He ignored her. “They live in the way that they wish. No interference from the government.”

“How do you manage that?” she asked, but before she even finished the last word, her face lit with understanding. “Magic.”

He shrugged. “How else do you deal with the government?”

She tilted her head. “Go on.”

“My Inuit have no trouble hunting. Their crafts are the most coveted in tourist centers everywhere.”

“You bribe them.”

“An ancient method,” he agreed. “But it works.”

“And in return they give you…” He watched comprehension dawn in her eyes, quickly followed by condemnation. “Oh, you suck!”

“I’m sorry?”

“They give you a sacrifice, but this time it isn’t boinking the Indian maiden. This time it’s blood.”

“A fair exchange.”

Fury suffused her face.

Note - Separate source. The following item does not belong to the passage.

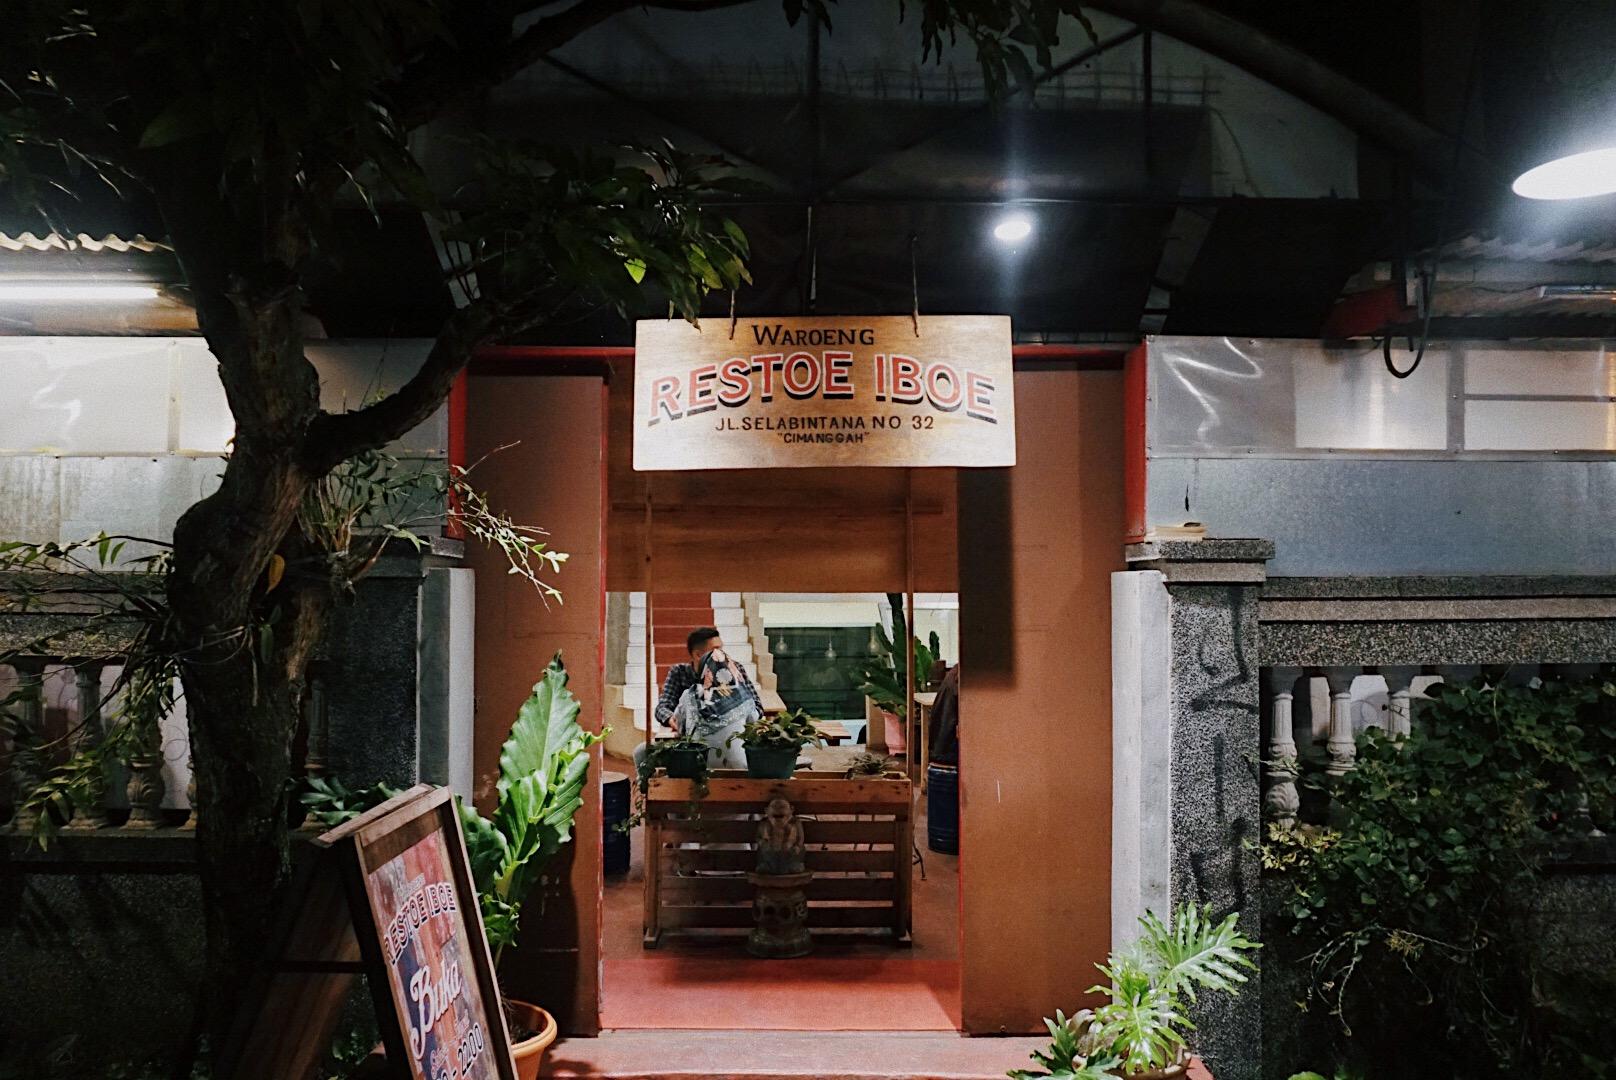 Mesin Waktu bernama Waroeng Restoe Iboe

She pushed back from the table and stood over him, fists clenched. “I should know better.” Her jaw was tight; he could practically hear her back teeth grinding together. “You say you’re different, but you aren’t. You’re just like every other werewolf in the world; you have no respect for human life.”

“I have more respect than you do.”

“She wasn’t human.”

And they were back to that again. Julian had hoped Alex would begin to understand once she was here, once she could see. But it had only been a day and—

“Wait a second.” He grabbed one arm, and she took a swing at him with the other. He caught her wrist before it smashed into his face, then he shook her just once. “What’s human life got to do with anything?”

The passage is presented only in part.